You cannot upset me more than the current common misunderstandings that everyone has about AI already does.

I don't think you understand the implications of undetectable AI to shift social conversation or the kind of world that those AI owners want to create.

Flumpkin ,

That might actually be the kind of thing where open source AI could help. At least I hope. To detect bias, lies or AI powered filtering / sorting of content.

mods_are_assholes ,

Ok so this is one of the naive thoughts that makes me upset.

The open source community can't even make a distro of linux that is out of the box functional for everyday users and you think somehow they are going to be able to outcompete billion dollar companies that can afford the best gear and devs?

Look, I bought in heavy to open source early on in the 90s, and have done my best to go open source for every tool I can, but the simple fact is that even the 'best' open source projects are severely lacking in aspects and YOU CAN'T TRUST DEVELOPMENT OF AI TO THAT.

Compare The Gimp to Photoshop. It isn't even close, why? Because Adobe has a fucktonne of cash to throw at their projects and they have clear direction and motivation.

I don't like it

I'd prefer a fully open source world

But it isn't going to happen, and open source AI will always lag behind corporate AI, and considering how fast it has been developing, even being 3 months behind renders a tool useless as an AI detector.

We aren't prepared for this and 90% of what everyone on the internet says about AI is poorly informed and full of confabulation, and WORST of all, when you try and explain this to them they get antagonistic.

We have already seen the threat AI can pose in 2016 with Cambridge Analytica helping to hand trumpty dumpty the election by using AI to focus target vulnerable facebook groups.

AND THAT AI WAS A FUCKING INFANT compared to what we have now.

It's going to be so bad and almost none of you have the slightest clue.

Kedly ,

See, THIS is the criticism of AI I can actually empathize with, I might even agree with it somewhat

OhNoMoreLemmy ,

Honestly, most of what Cambridge analytica did was blackmail, illegal spending, and collusion between campaigns that were legally required to be separate.

Much of the data processing/ml was intended as a smoke screen to distract from the big stuff that was known to work and consequently legislated against. The problem is that they were so incompetent that the distraction technique was also illegal.
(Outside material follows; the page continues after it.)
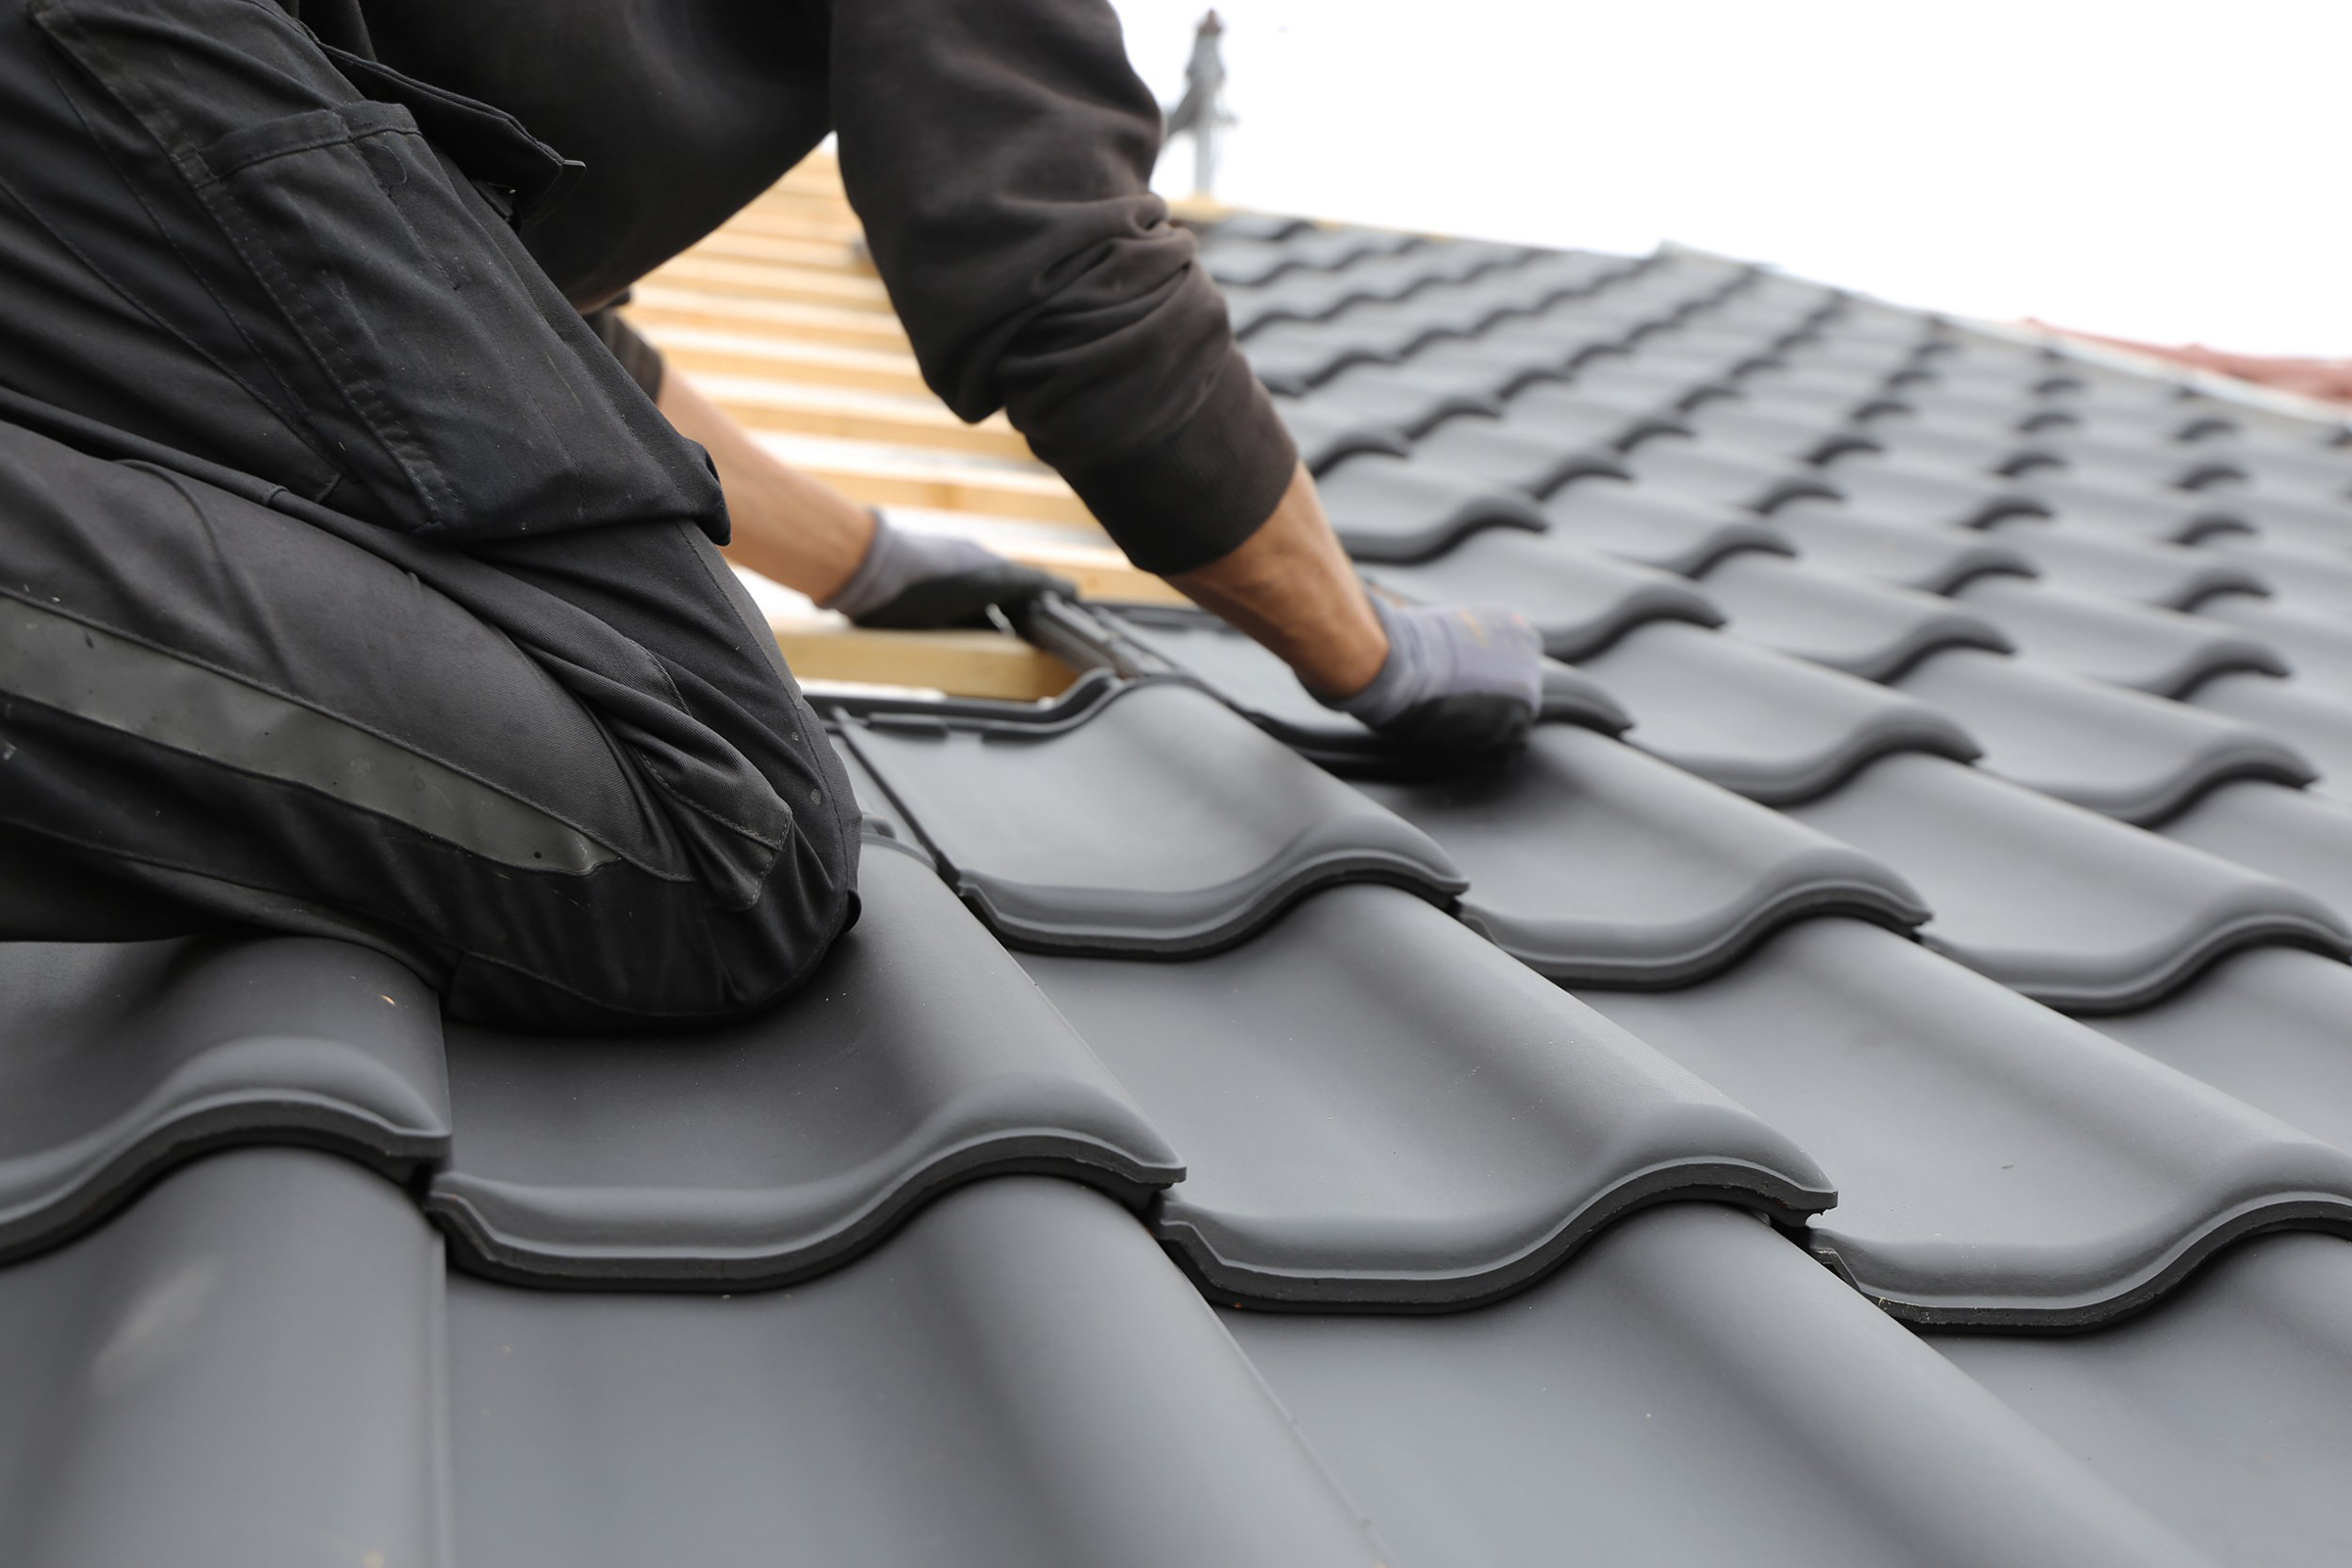 ProRoofing service can make any necessary repair to your roof in a cost-effective, professional manner.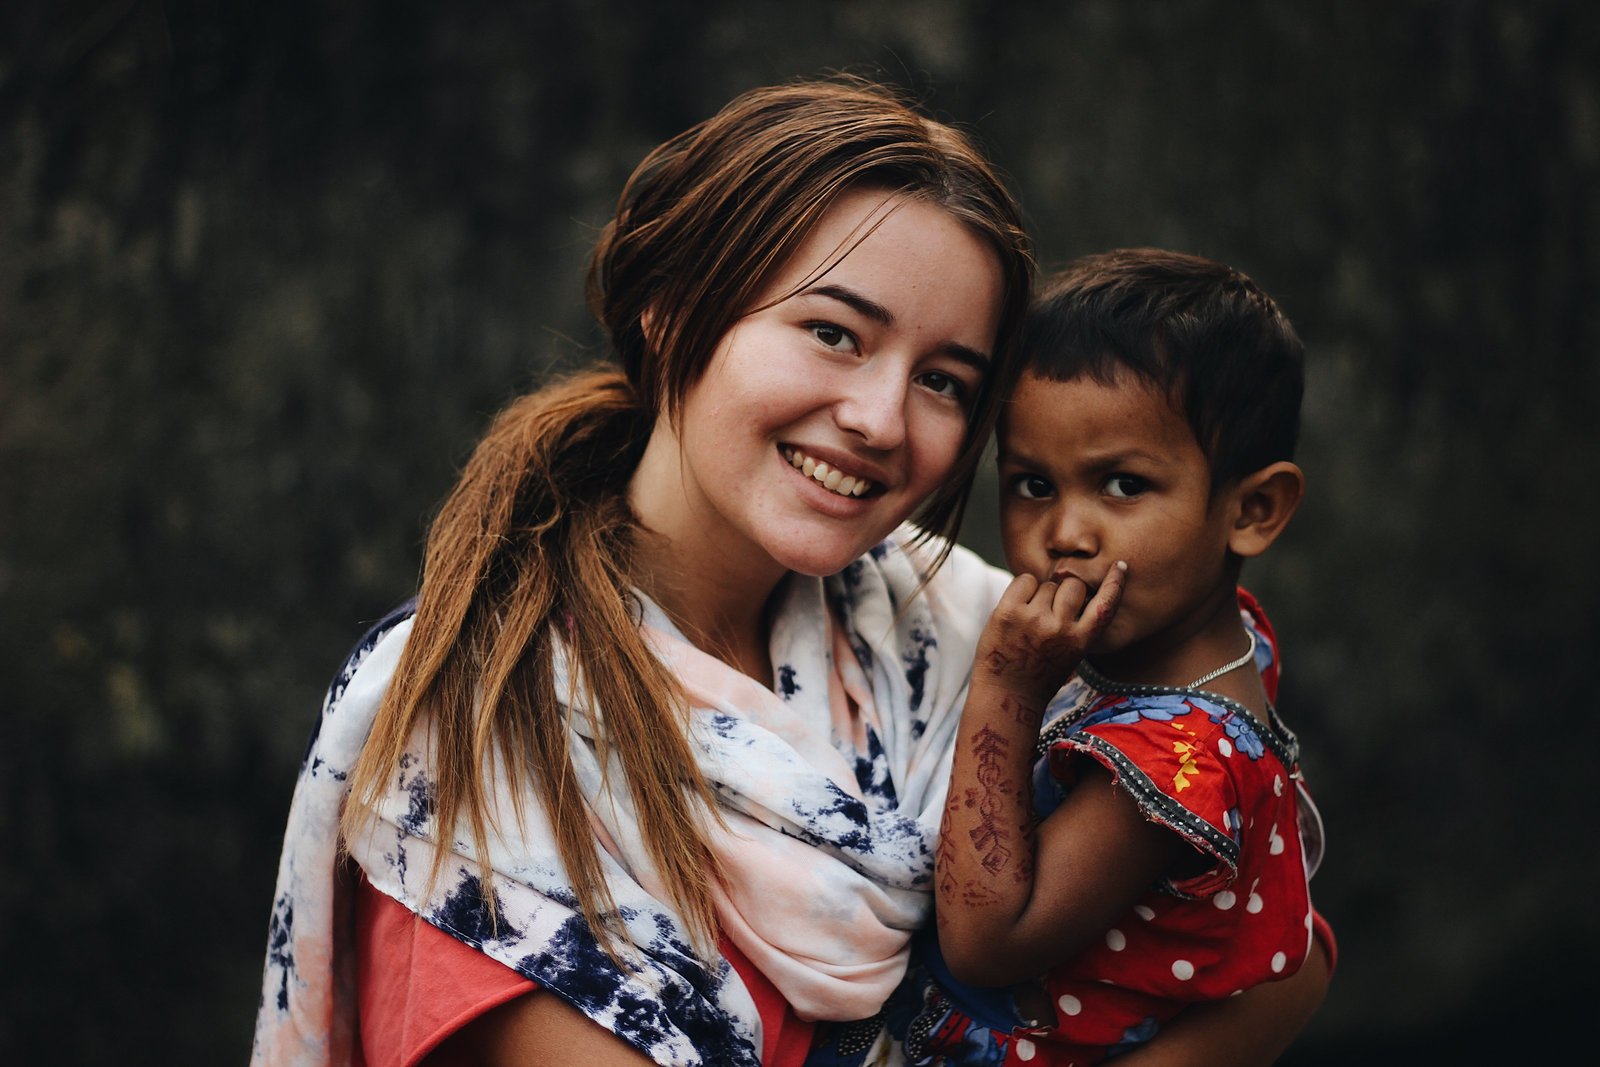 liv hettinga photography doing missions work in India

Maybe the machine learning also worked, but it's really not clear.

red_pigeon ,

Nowadays we are supposed to need AI everywhere. I'm waiting for my AI bidet so that I can chat with it when I do my business.

havokdj ,

"What is my purpose?"

"You wash my asshole when I poop"

"Oh my god"

mods_are_assholes ,

Desperate to gain marketshare, fucking samsung to apple. I hate it and I have no other options left after Firefox is enshittified

MisterD , (edited )
Wiz ,

"It looks like you are browsing porn. Can I help?"

sfgifz ,

That could be useful... Find more X person/stuff....

Death_Equity ,

I think an AI that finds porn across the entire web that meets specific search criteria or is like an example would be a hit.

UnityDevice ,

You already have AI in Firefox - local translations for example. Developing local AI aligns perfectly well with Mozilla's goals, but it seems people panic as soon as they see the two letters together.